Preparation and Preprocessing

Bash scripts were written to locate all of the relevant files in the FRGC dataset12. About 5,000 3-D faces are contained inside. The packages comes with information and programs of interest to those who may find themselves working with 70 GB of data and some accompanying metadata. Given the http://www.frvt.org/FRVT2006/Face Recognition Vendor Test (FRVT) of 2006 and http://www.frvt.org/FRGC/overview of the FRGC it should be possible to know what is available and where. The latter is an official FRGC Web site. The large package comes with associated applications and scripts written in Java, C++, Perl, etc.

An existing MATLAB/GNU Octave implementation identifies all 3-D images in the dataset. These are located/scattered in many different paths, dependent on time/place.

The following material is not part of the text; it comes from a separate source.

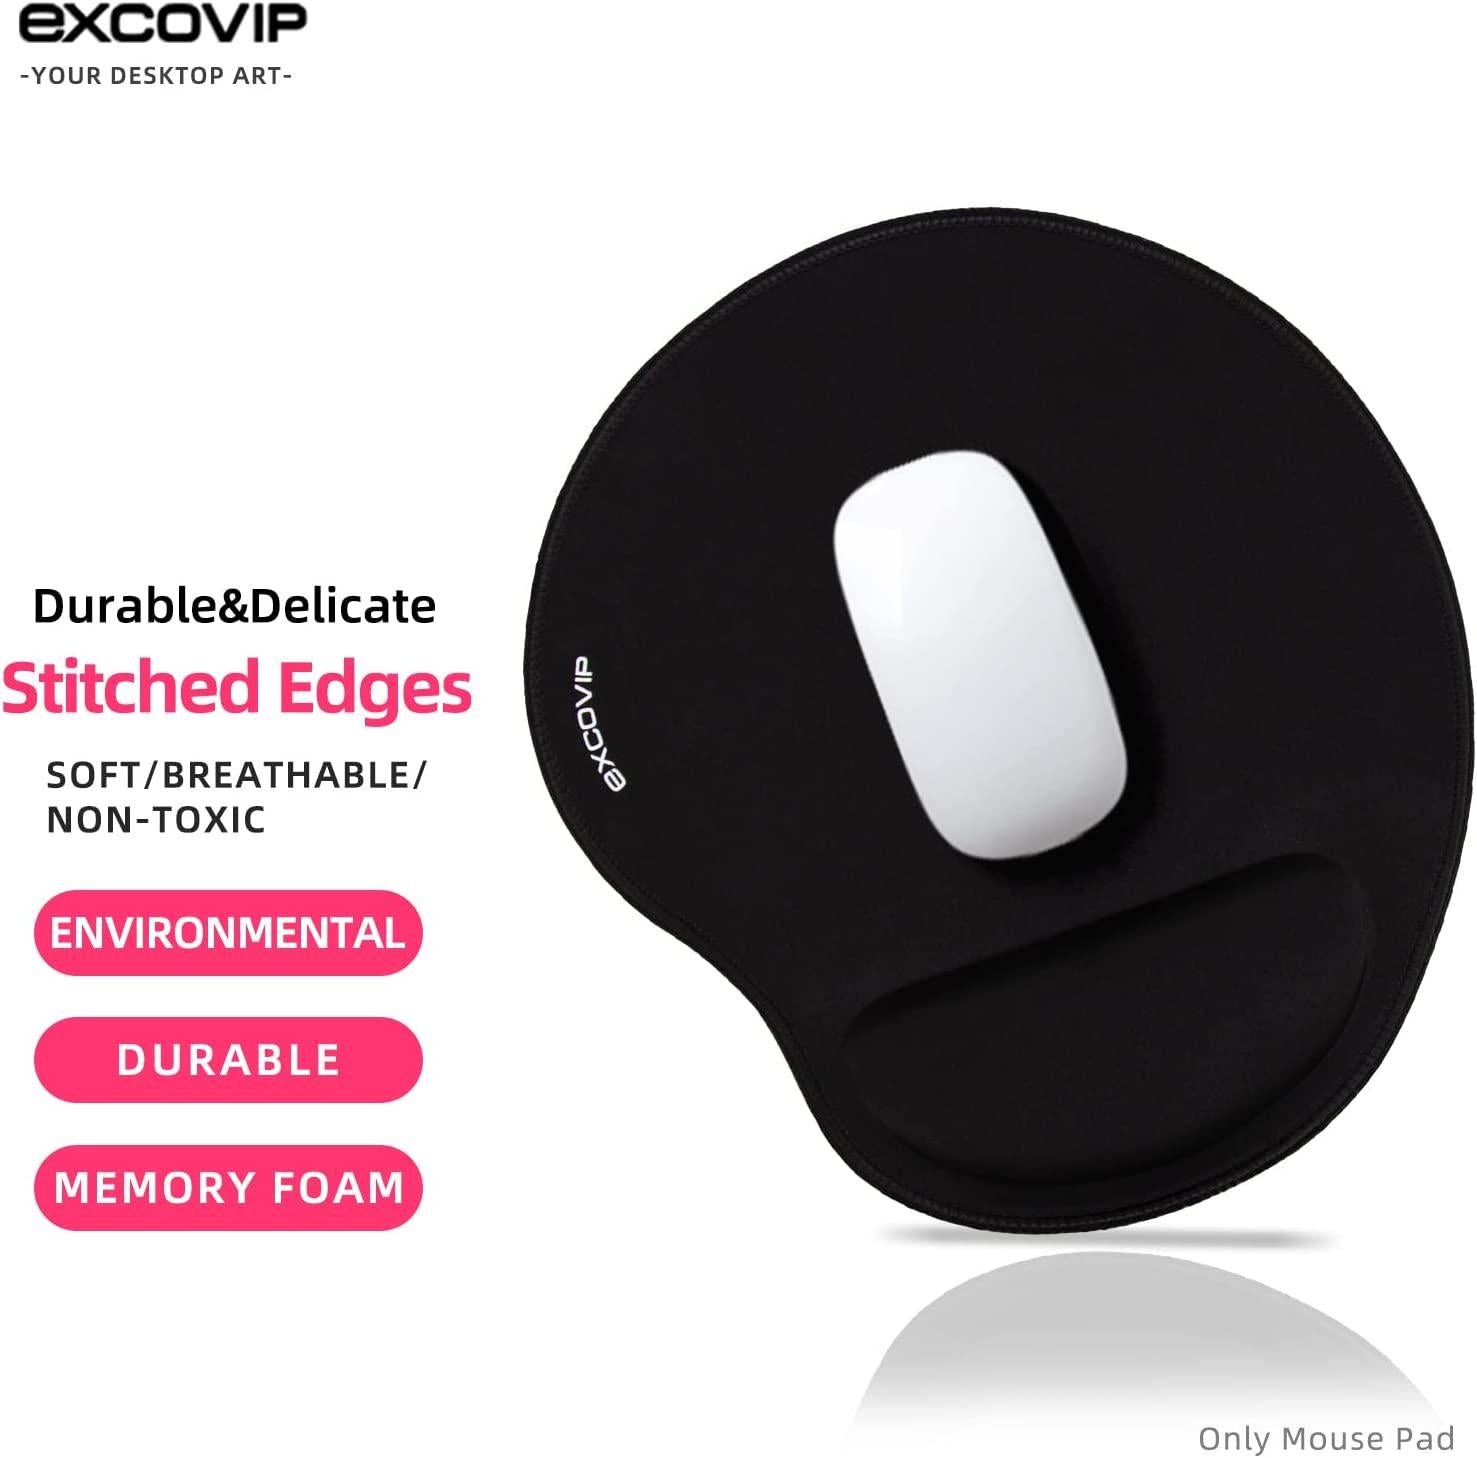 excovip, Ergonomic Stitched Edges Mouse Pad with Wrist Support -Excovip Smooth Surface Wrist Rest Mousepad, Black Mouse Mat with Non-Slip Rubber Base and Soft Memory Foam 9101

Scripts were adapted to decompressed the files and cycle through them, e.g. to pre-process them in series.

Figure: Translation of the given (cropped) face applied so as to position it with the nose tip at the front and at the centre
Image realignment

Code was written to perform the pre-processing steps as specified in the corresponding paper (which describes an entire Ph.D. thesis from Australia13, and very densely so).

The code was made modular with dozens of options to control what is done and how it is done (through a settings files containing all the parameters), as well as how the data is presented to the user throughout runtime.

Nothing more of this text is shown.